→ SUPPLIED INFORMATION:

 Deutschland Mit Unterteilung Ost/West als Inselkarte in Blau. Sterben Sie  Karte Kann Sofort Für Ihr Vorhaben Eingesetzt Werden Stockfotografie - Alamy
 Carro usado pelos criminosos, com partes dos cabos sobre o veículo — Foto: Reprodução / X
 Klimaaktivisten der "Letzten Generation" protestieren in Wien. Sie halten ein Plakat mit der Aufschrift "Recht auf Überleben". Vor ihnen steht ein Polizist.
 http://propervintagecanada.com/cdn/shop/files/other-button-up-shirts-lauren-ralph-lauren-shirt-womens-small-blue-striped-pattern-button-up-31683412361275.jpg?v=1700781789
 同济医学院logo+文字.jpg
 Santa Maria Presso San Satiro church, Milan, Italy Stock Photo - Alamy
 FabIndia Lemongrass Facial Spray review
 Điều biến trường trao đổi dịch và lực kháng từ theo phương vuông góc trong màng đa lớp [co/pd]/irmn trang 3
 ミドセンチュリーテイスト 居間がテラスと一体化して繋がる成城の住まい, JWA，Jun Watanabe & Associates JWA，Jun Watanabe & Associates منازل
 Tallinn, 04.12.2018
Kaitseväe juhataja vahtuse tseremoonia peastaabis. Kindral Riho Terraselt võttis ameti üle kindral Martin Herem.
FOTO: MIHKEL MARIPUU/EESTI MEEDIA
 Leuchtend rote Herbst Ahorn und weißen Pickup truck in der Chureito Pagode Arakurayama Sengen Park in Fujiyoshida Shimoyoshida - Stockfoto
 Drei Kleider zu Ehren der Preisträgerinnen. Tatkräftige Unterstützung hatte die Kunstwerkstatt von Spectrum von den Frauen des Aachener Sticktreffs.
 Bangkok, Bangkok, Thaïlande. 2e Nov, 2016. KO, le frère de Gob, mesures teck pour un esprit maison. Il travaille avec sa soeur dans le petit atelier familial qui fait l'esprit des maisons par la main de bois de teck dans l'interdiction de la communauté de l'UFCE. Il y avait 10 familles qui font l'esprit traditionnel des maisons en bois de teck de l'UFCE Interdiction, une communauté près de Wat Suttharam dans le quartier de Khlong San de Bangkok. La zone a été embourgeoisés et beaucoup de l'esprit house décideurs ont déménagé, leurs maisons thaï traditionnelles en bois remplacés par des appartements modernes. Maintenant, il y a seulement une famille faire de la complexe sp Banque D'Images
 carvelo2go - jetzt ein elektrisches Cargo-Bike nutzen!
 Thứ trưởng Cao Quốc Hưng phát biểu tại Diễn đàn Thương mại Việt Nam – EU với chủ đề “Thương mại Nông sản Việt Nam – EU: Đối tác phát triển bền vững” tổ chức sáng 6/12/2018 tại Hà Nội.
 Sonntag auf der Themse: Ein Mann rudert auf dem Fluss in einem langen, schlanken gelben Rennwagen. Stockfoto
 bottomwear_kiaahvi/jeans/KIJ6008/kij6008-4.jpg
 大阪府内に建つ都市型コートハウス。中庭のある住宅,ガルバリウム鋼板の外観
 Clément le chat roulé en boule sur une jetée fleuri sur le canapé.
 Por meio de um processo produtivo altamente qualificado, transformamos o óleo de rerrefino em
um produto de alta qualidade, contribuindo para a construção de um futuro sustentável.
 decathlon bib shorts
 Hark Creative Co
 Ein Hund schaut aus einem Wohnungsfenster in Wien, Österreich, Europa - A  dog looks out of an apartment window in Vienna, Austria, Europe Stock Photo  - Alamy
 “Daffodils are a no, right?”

→ WHAT TO WORK ON: A single number is required: how many lines in the material hold the word "Photo".

→ EXERCISE SOLUTION: 2